Without including any pictures, write out the data below exactly.
= = = = = = =
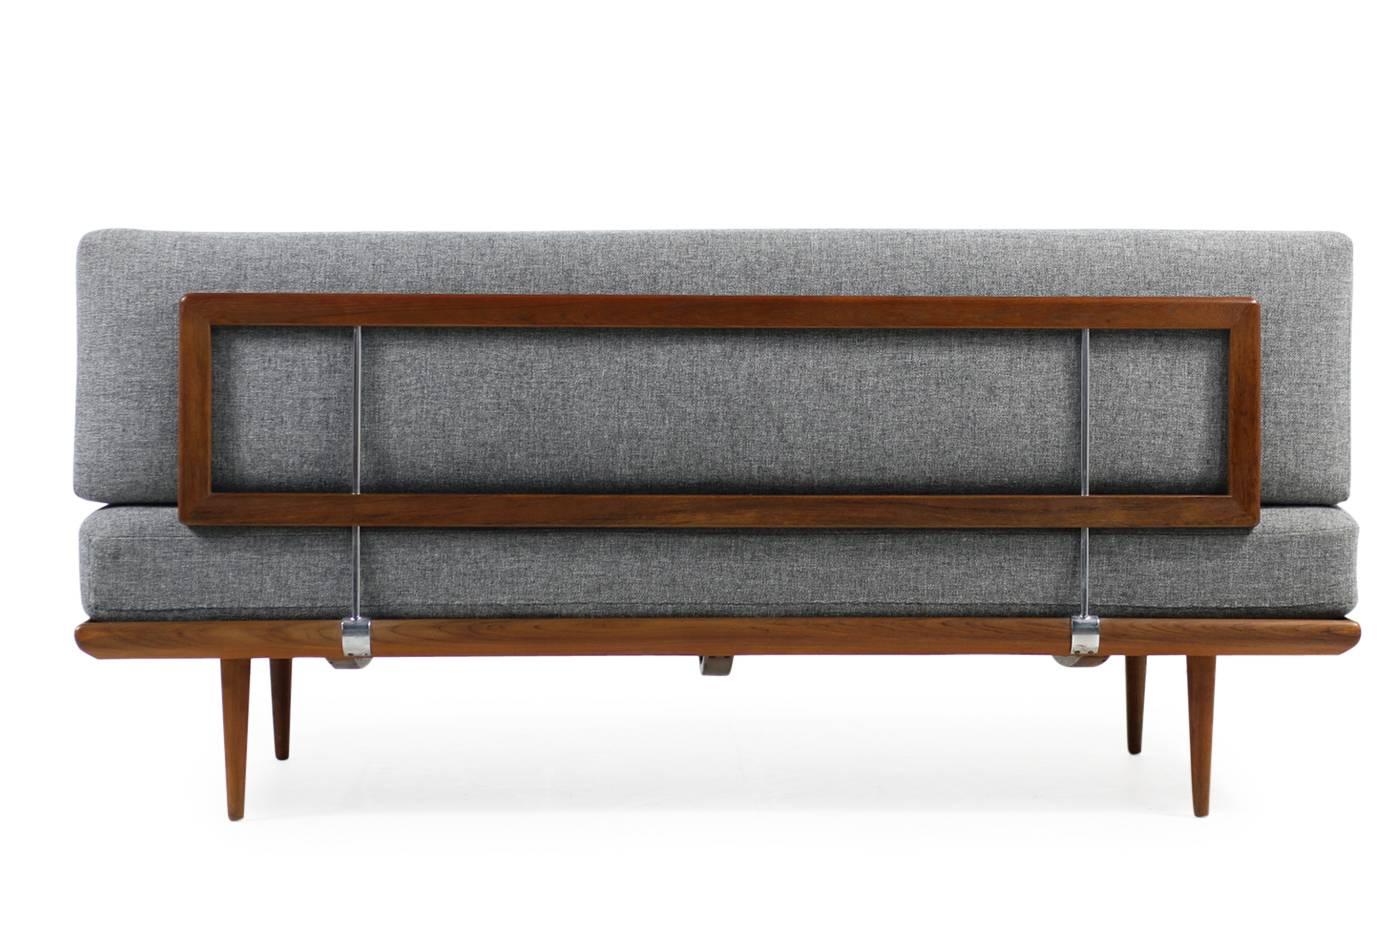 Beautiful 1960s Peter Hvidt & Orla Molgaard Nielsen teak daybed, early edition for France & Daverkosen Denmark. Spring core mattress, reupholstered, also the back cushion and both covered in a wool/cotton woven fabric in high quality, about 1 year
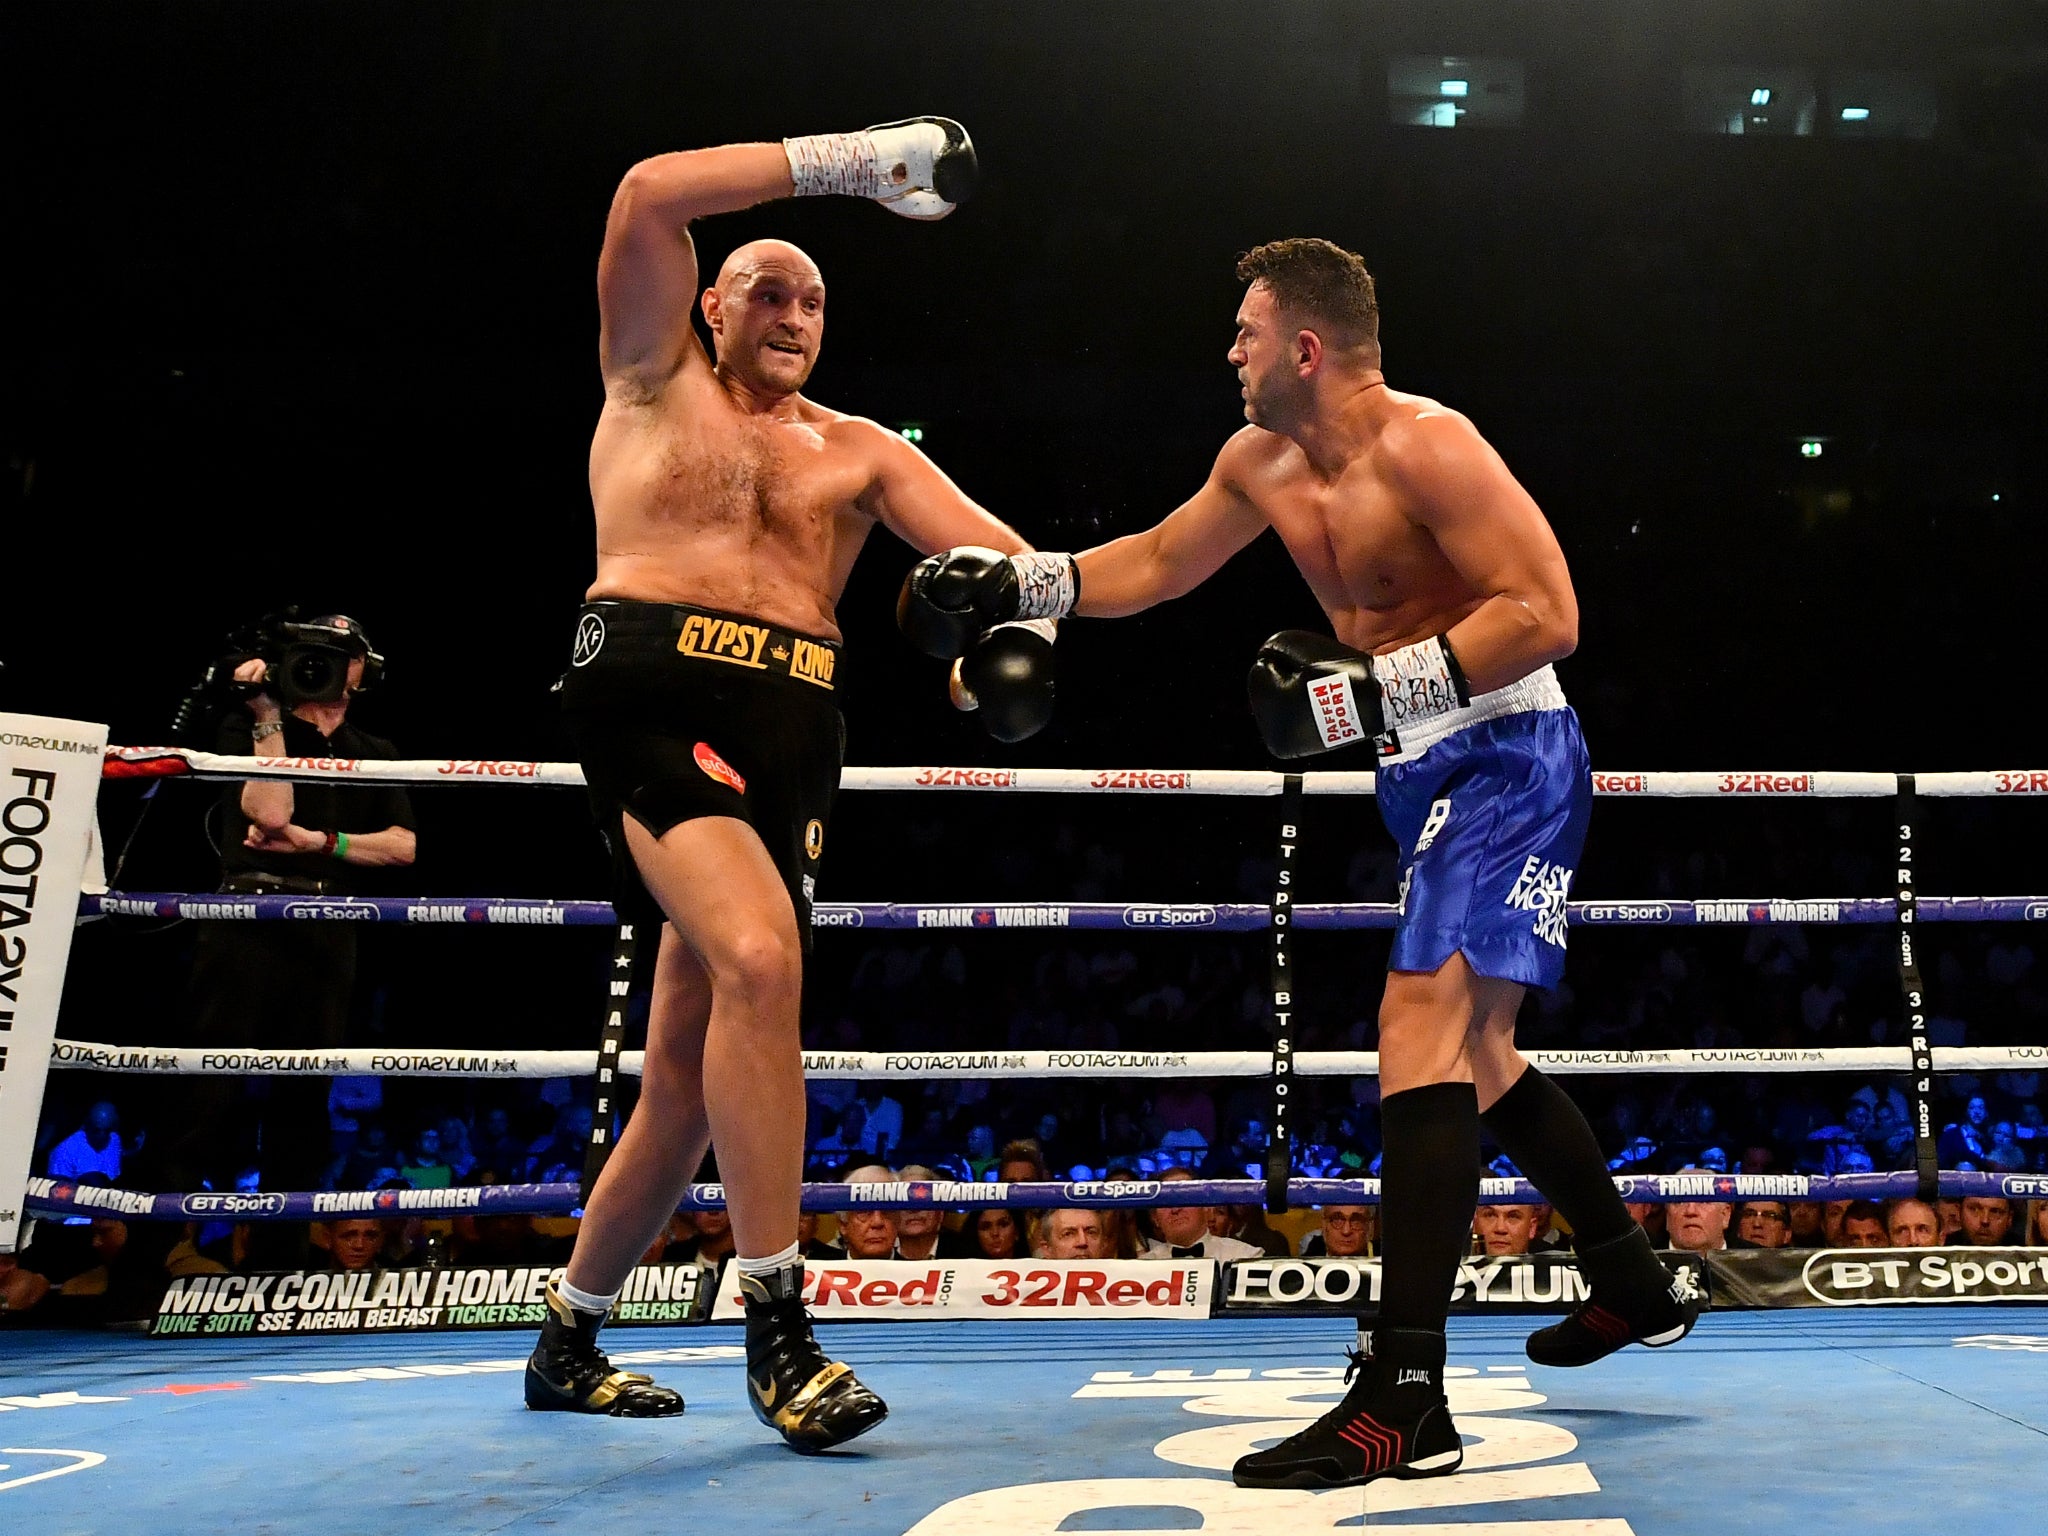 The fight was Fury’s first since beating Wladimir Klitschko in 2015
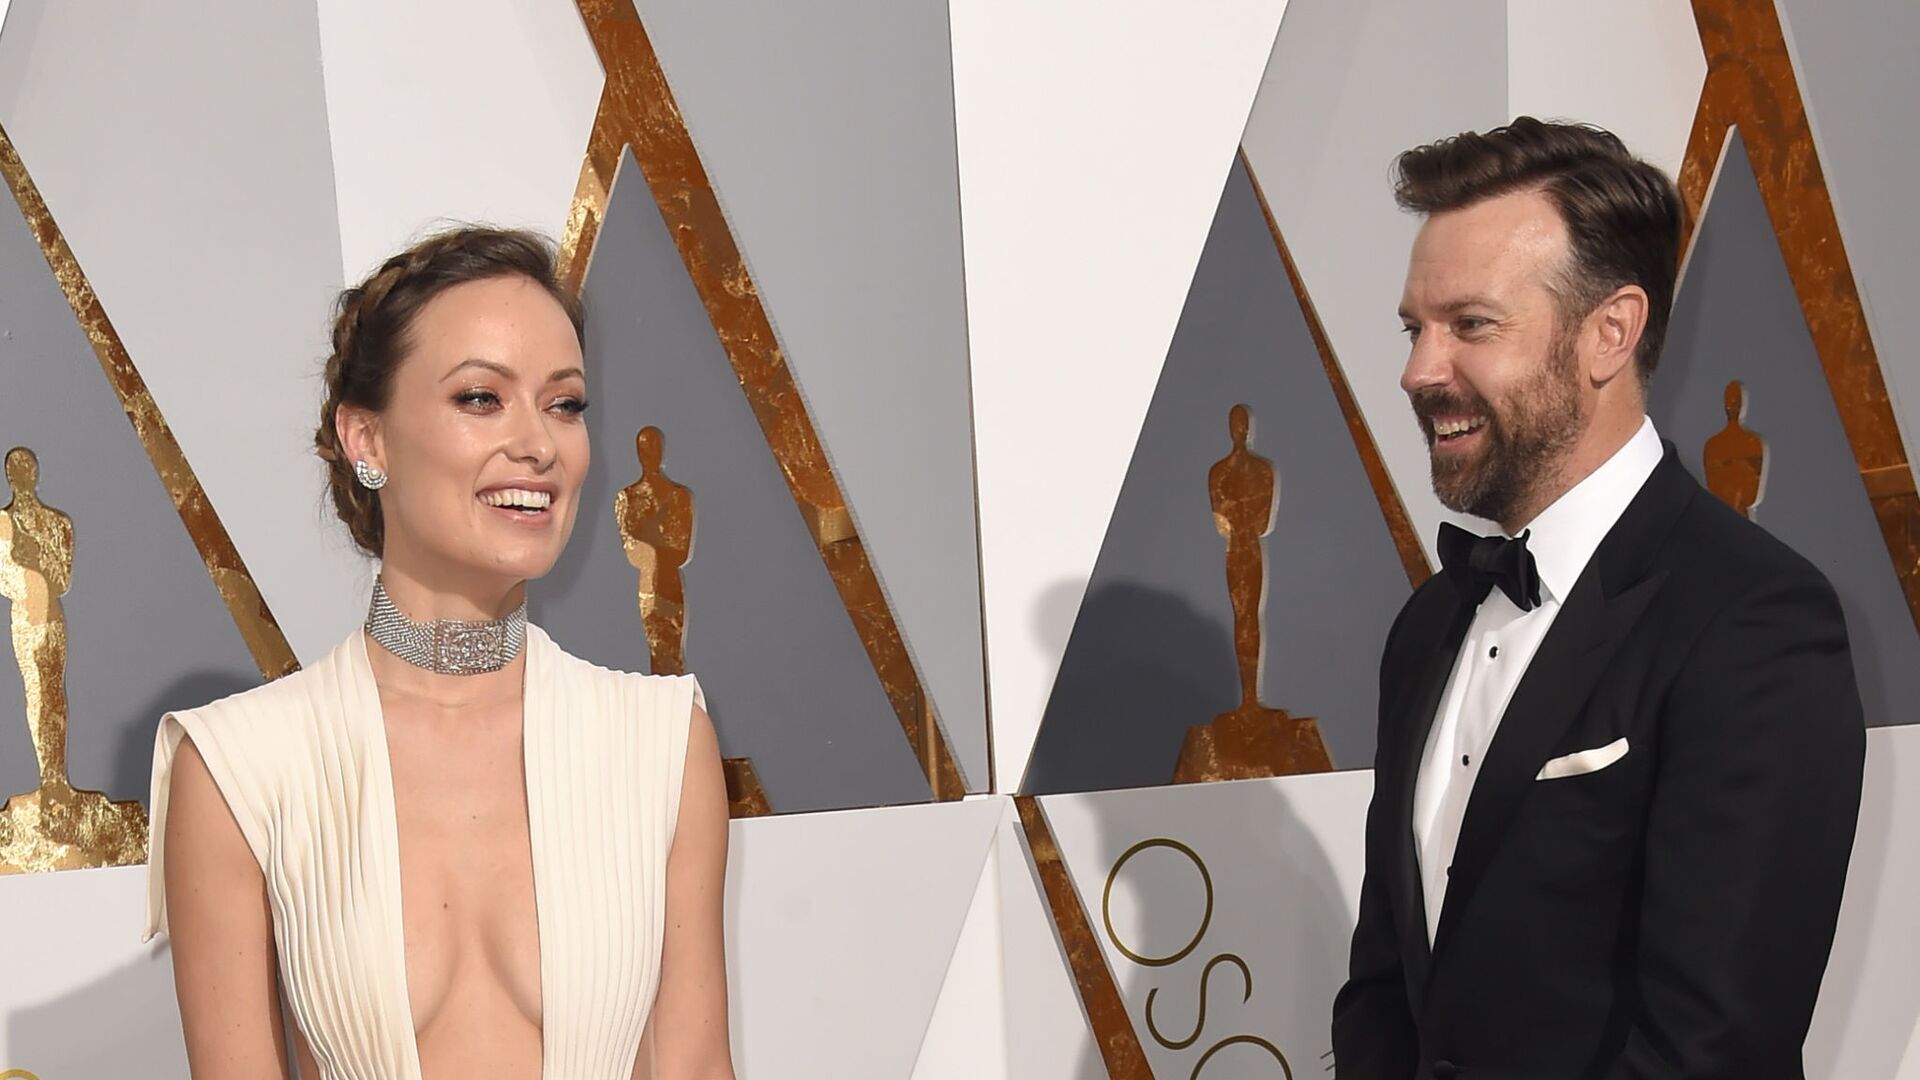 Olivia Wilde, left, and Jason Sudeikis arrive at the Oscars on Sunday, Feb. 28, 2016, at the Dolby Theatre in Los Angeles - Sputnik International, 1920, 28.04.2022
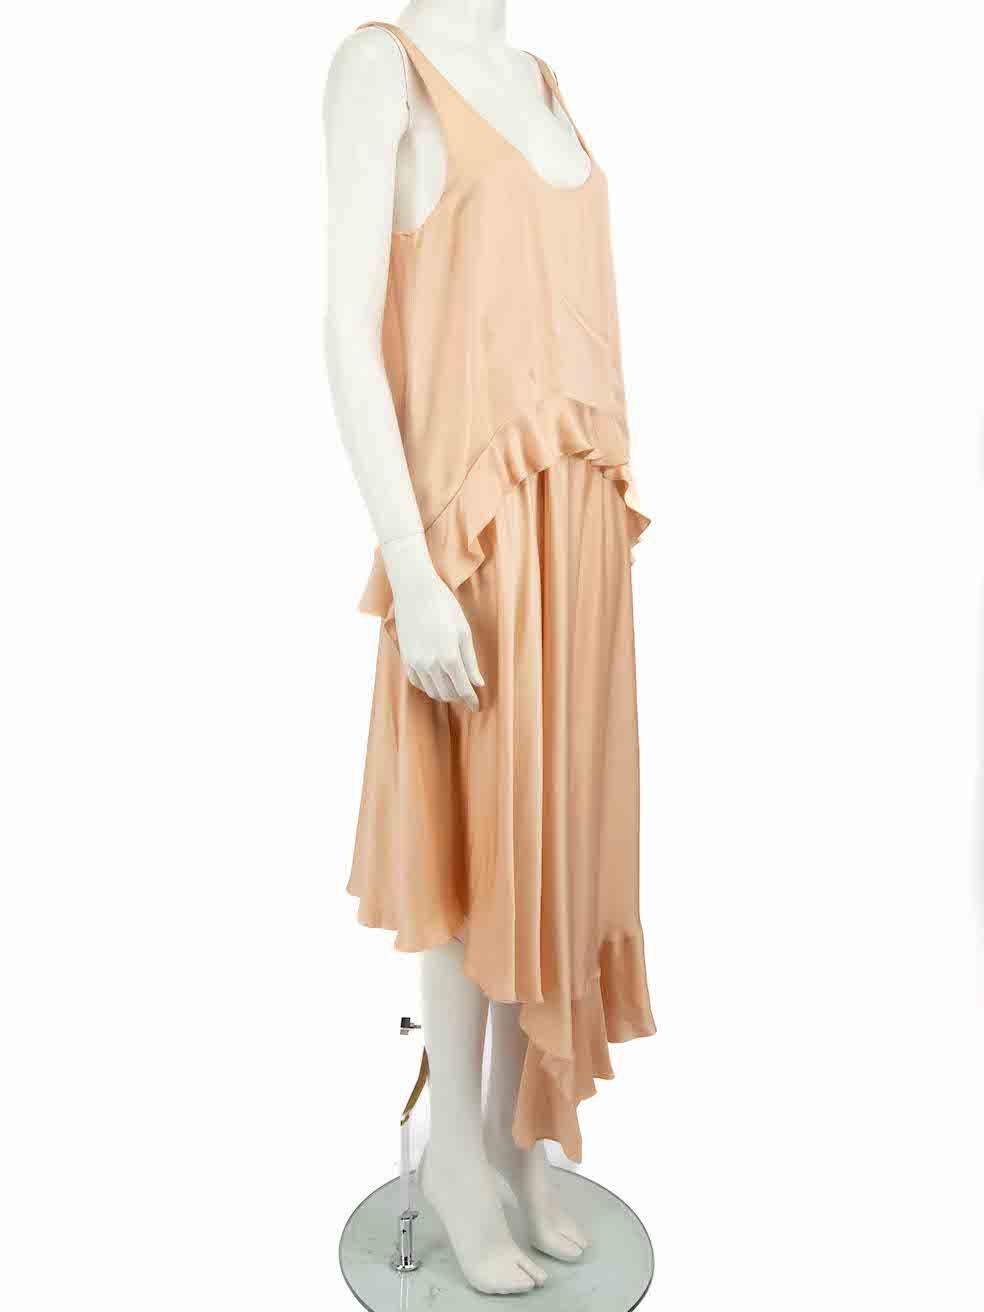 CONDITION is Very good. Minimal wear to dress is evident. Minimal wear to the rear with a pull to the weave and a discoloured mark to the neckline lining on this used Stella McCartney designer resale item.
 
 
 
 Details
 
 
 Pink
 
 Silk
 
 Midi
= = = = = = =
• [Expected output]
 Beautiful 1960s Peter Hvidt & Orla Molgaard Nielsen teak daybed, early edition for France & Daverkosen Denmark. Spring core mattress, reupholstered, also the back cushion and both covered in a wool/cotton woven fabric in high quality, about 1 year
 The fight was Fury’s first since beating Wladimir Klitschko in 2015
 Olivia Wilde, left, and Jason Sudeikis arrive at the Oscars on Sunday, Feb. 28, 2016, at the Dolby Theatre in Los Angeles - Sputnik International, 1920, 28.04.2022
 CONDITION is Very good. Minimal wear to dress is evident. Minimal wear to the rear with a pull to the weave and a discoloured mark to the neckline lining on this used Stella McCartney designer resale item.
 
 
 
 Details
 
 
 Pink
 
 Silk
 
 Midi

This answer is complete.